Based on management’s present assessment, the Company has not yet determined it to be more likely than not that a deferred tax asset of $89,169 at July 31, 2009 attributable to the future utilization of the net operating loss carry-forward of $254,768 will be realized. Accordingly, the Company has provided a 100% allowance against the deferred tax asset in the financial statements. The Company will continue to review this valuation allowance and make adjustments as appropriate. The net operating loss carry-forward expires $18,824 in 2028 and $235,944 in 2029.
 
Current United States income tax laws limit the amount of loss available to offset against future taxable income when a substantial change on ownership occurs. Therefore, the amount available to offset future taxable income may be limited.

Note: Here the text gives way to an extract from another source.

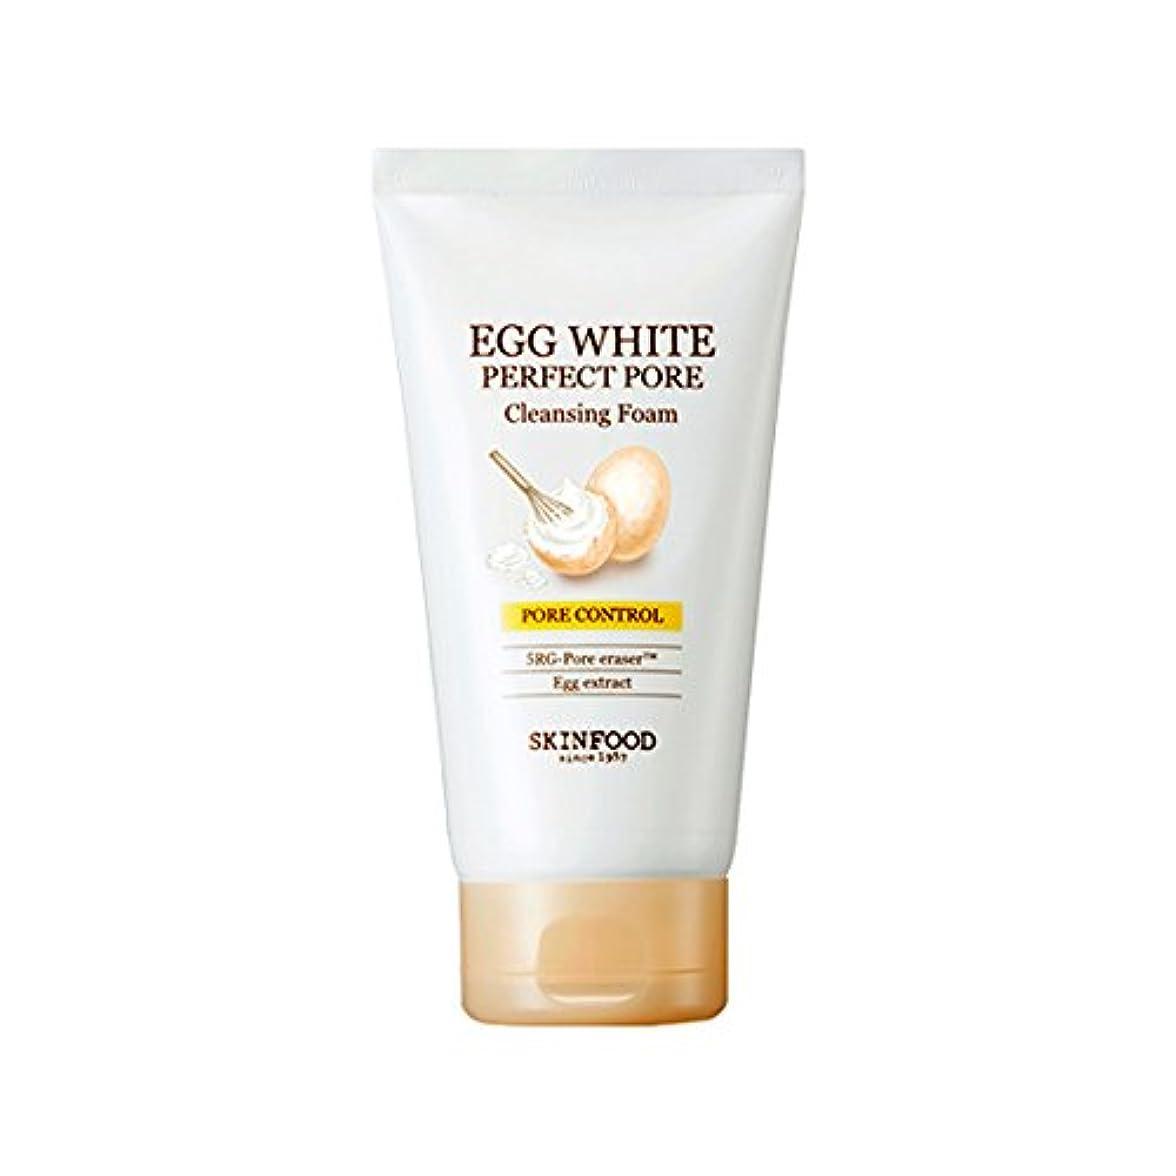 ホステル豊かにするサバント[2017 New] SKINFOOD Egg White Perfect Pore Cleansing Foam 150ml/スキンフード エッグ ホワイト パーフェクト ポア クレンジング フォーム 150ml [並行輸入品]

 Note 9. Commitments and Contingencies

On May 5, 2009, the Company entered into an exclusive employment agreement with its president and chief executive officer for a term of two years ending May 4, 2011. The agreement provides for annual compensation of $120,000 and the grant of 1,000,000 shares of Company common stock (500,000 shares to vest in May 2010 and 500,000 shares to vest in May 2011).


 
 






F-13

 
-30-

 
 
 
Note 10. Subsequent Events

 
a)  
On September 4, 2009, the Company issued Fuel Concepts, LLC 1,000,000 shares of common stock pursuant to an amendment dated June 18, 2009 to the Technology License and Distribution Agreement dated August 1, 2008 and to a certain Exclusive Manufacturing Agreement dated August 1, 2008 (see Note 4).
 
b)  
On October 1, 2009, the Company entered into a $200,000 contract to buy advertising space and a “micro-site” on Oprah.com.  The campaign, which is planned to run through February 28, 2010, required a $50,000 non-refundable down payment which has been paid.  The campaign is for the purchase of a minimum of 18,641,750 “impressions” and co-branded “micro-site” featuring AEDC’s core product, the e3 Fuel Saver.  Various banner ads featuring the company and its product(s) as well as the micro-site are scheduled to run throughout the duration of the campaign.
 
c)  
On October 7, 2009, the Company filed a lawsuit, Alternative Energy Development Corporation v. Fuel Concepts, LLC, Smith Young and Associates, Cary Lee Peterson, Roy Martin, et al, CV2009-054477, in the Superior Court of the State of Arizona, in the County of Maricopa, against the Defendants alleging conspiracy by the Defendants to circumvent the Technology Licensing Agreement dated August 1, 2008 between Morton Weisbrot, Smith Young and Associates, and Fuel Concepts, LLC, interfering with the Company’s contractual and business relations, and misappropriation of the Company’s website, trade secrets, and other confidential information.  The Company is seeking injunctive relief and monetary damages related to its claims.  On November 3, 2009, the Superior Court issued a Preliminary Injunction against Defendants Fuel Concepts, LLC, Smith Young and Associates, and Roy Martin.
 
d)  
On November 10, 2009, the Company entered into an exclusive employment agreement with its chief financial officer and director for a term of two years ending November 9, 2011. The agreement provides for a $10,000 signing bonus, annual compensation of $120,000 and the grant of 1,000,000 shares of Company common stock (all to vest in November 2010).
 
e)  
 The Company has evaluated subsequent events through the filing date of this Form 10-K and has determined that there were no additional subsequent events to recognize or disclose in these financial statements.







F-14

 
-31-

 

 
ITEM 9.                       CHANGES IN AND DISAGREEMENTS WITH ACCOUNTANTS ON ACCOUNTING AND FINANCIAL DISCLOSURE .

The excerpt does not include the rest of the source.